• [INSTRUCTIONS FOR THE TASK] Include the line containing "夏日旅游计划｜ 国内最美 1️⃣2️⃣大海岛城市，暑假一起去看海" and every line after it up to the end of the material below; reproduce them exactly and drop the pictures.

• [DATA SEGMENT]

+===+

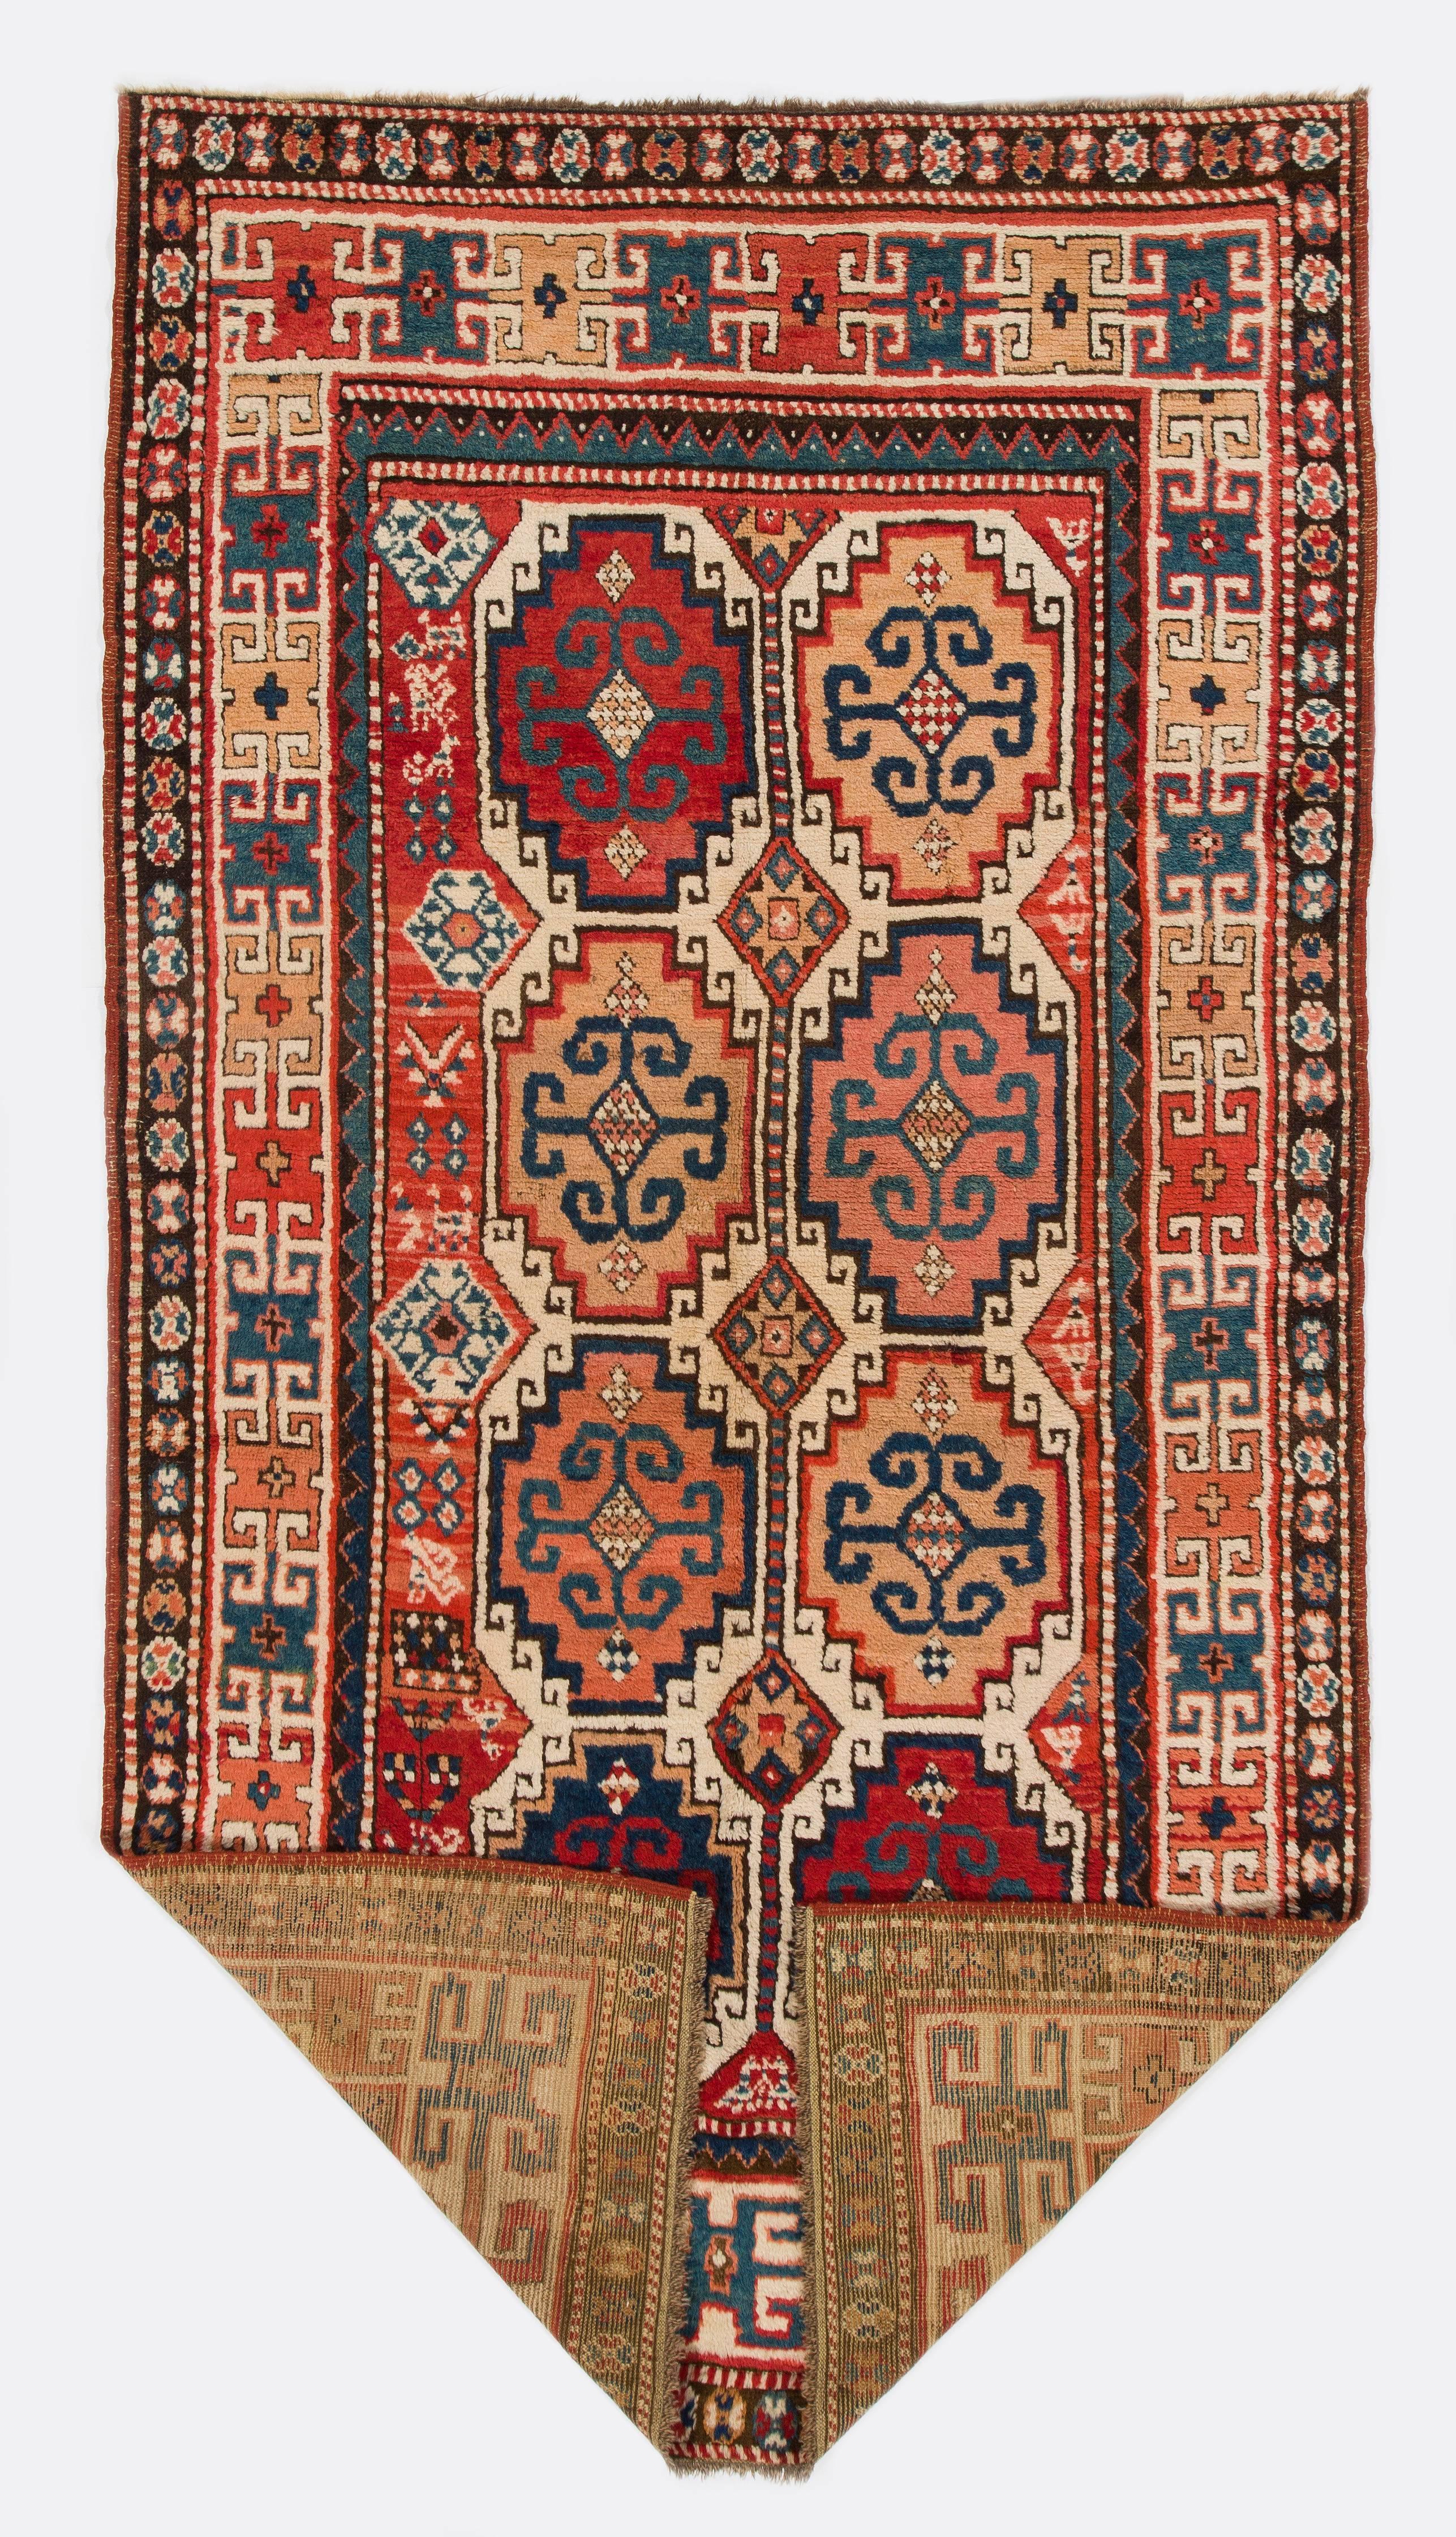 Ancien tapis caucasien Moghan Kazak, vers 1870. Finement noué à la main avec un poil de laine moyen et régulier sur une base de laine. Très bon état. Robustes et aussi propres qu'un tapis neuf (lavés en profondeur par des professionnels). 
Taille :
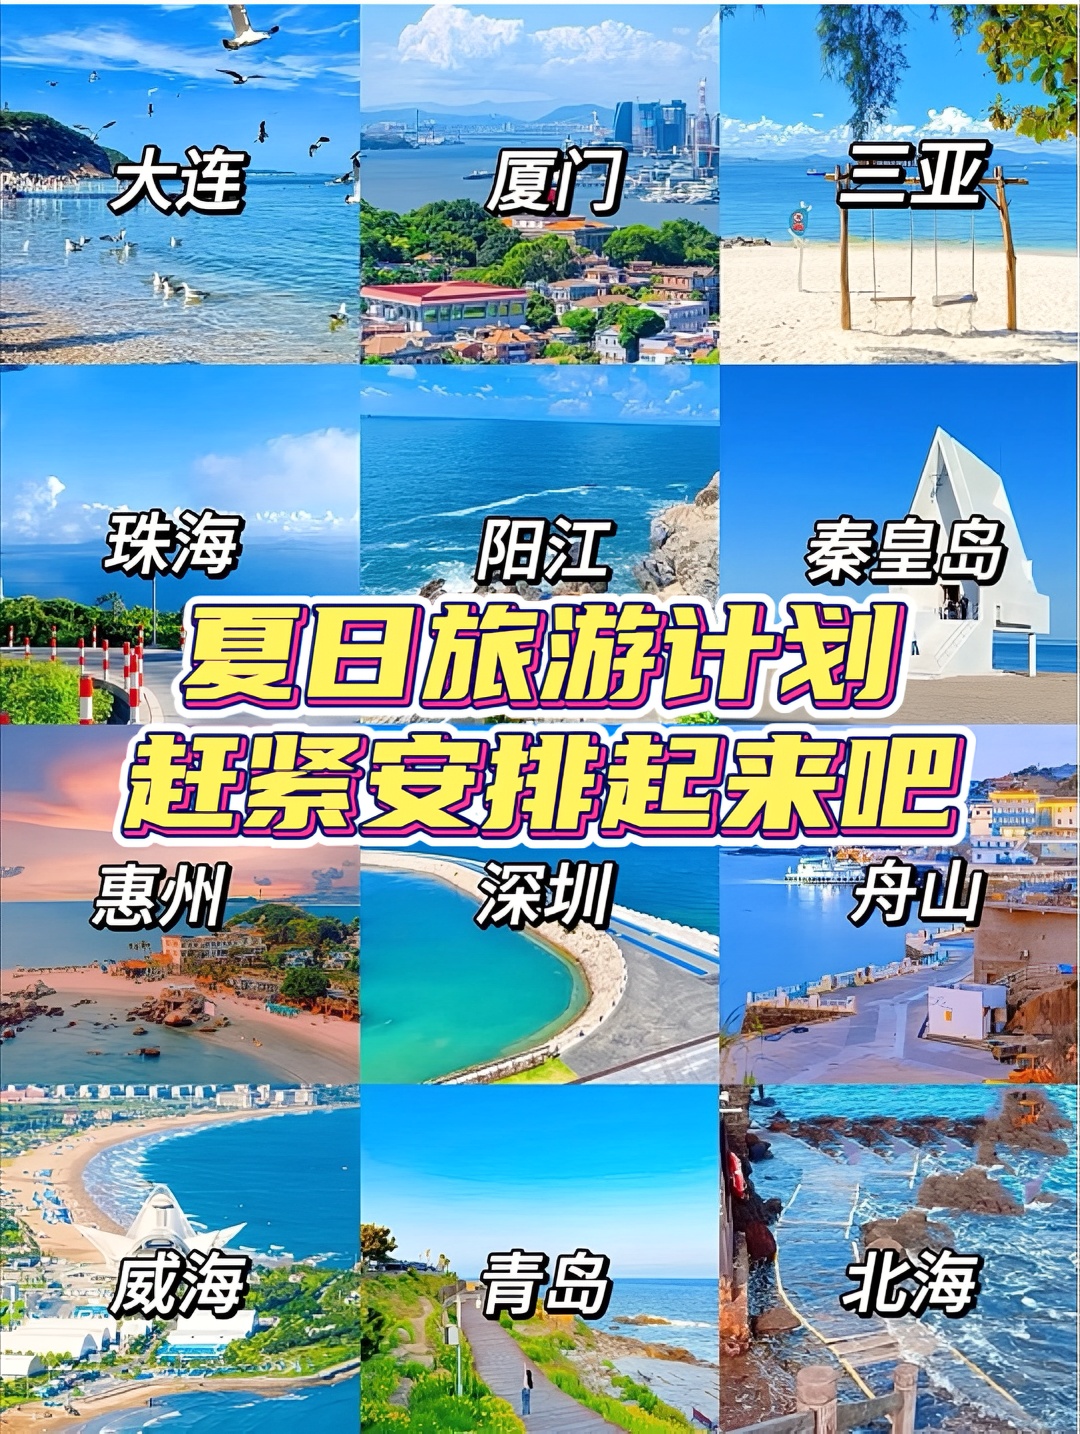 夏日旅游计划｜ 国内最美 1️⃣2️⃣大海岛城市，暑假一起去看海 没有比海滨城市 🏖更适合毕业旅行的
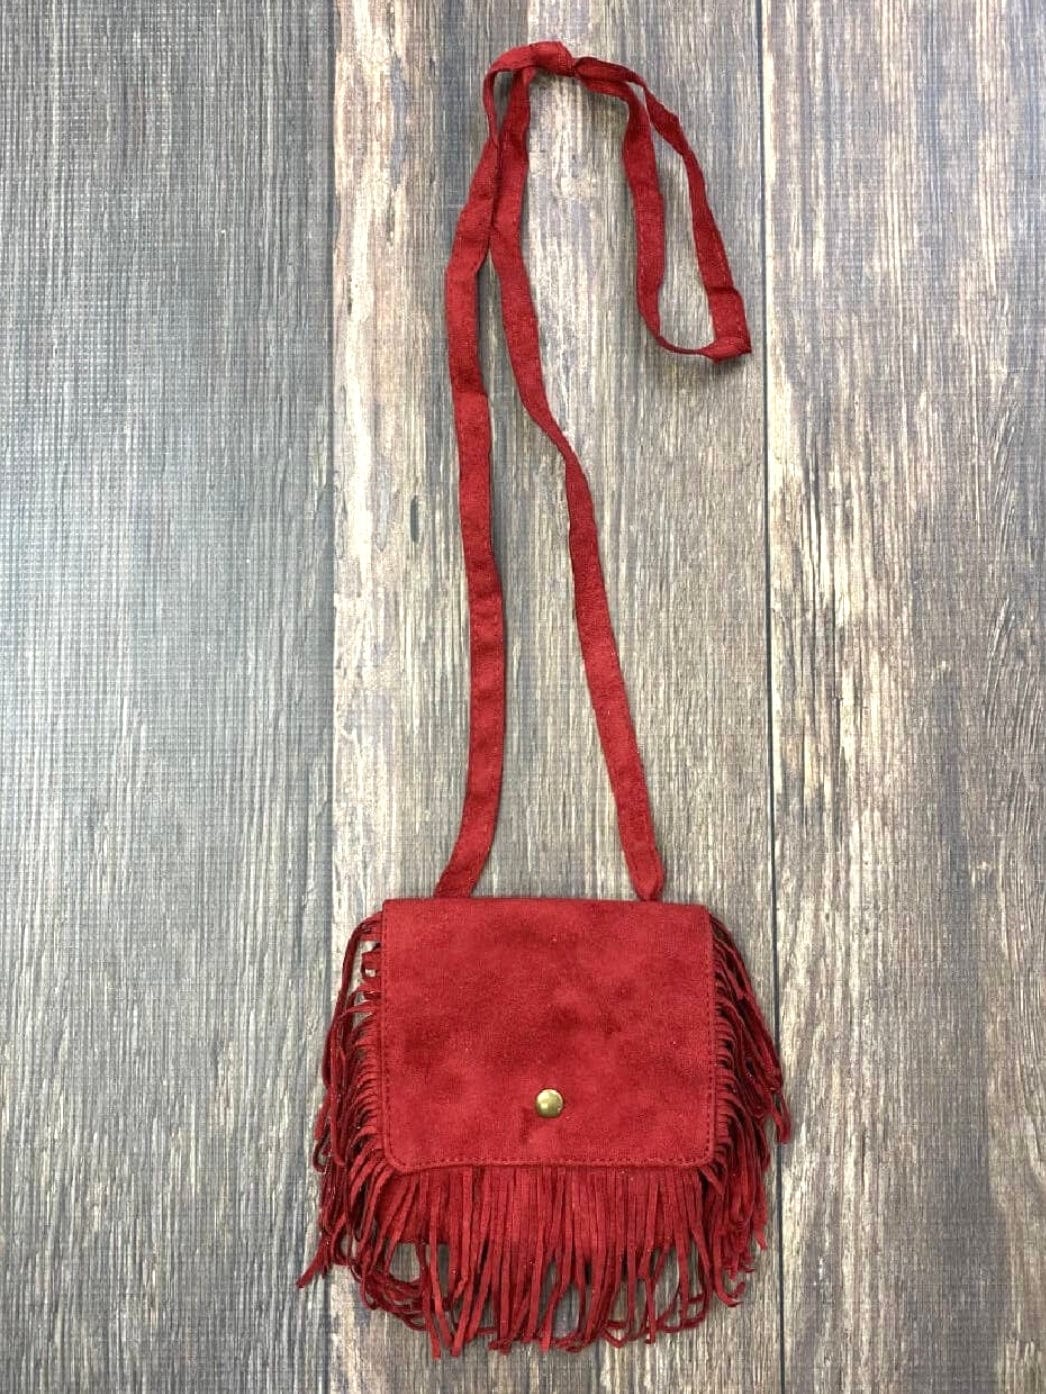 Fashionably, BBK! Red Boho Mini Crossbody Bag

+===+

• [SOLUTION TO THIS TASK]
 夏日旅游计划｜ 国内最美 1️⃣2️⃣大海岛城市，暑假一起去看海 没有比海滨城市 🏖更适合毕业旅行的
 Fashionably, BBK! Red Boho Mini Crossbody Bag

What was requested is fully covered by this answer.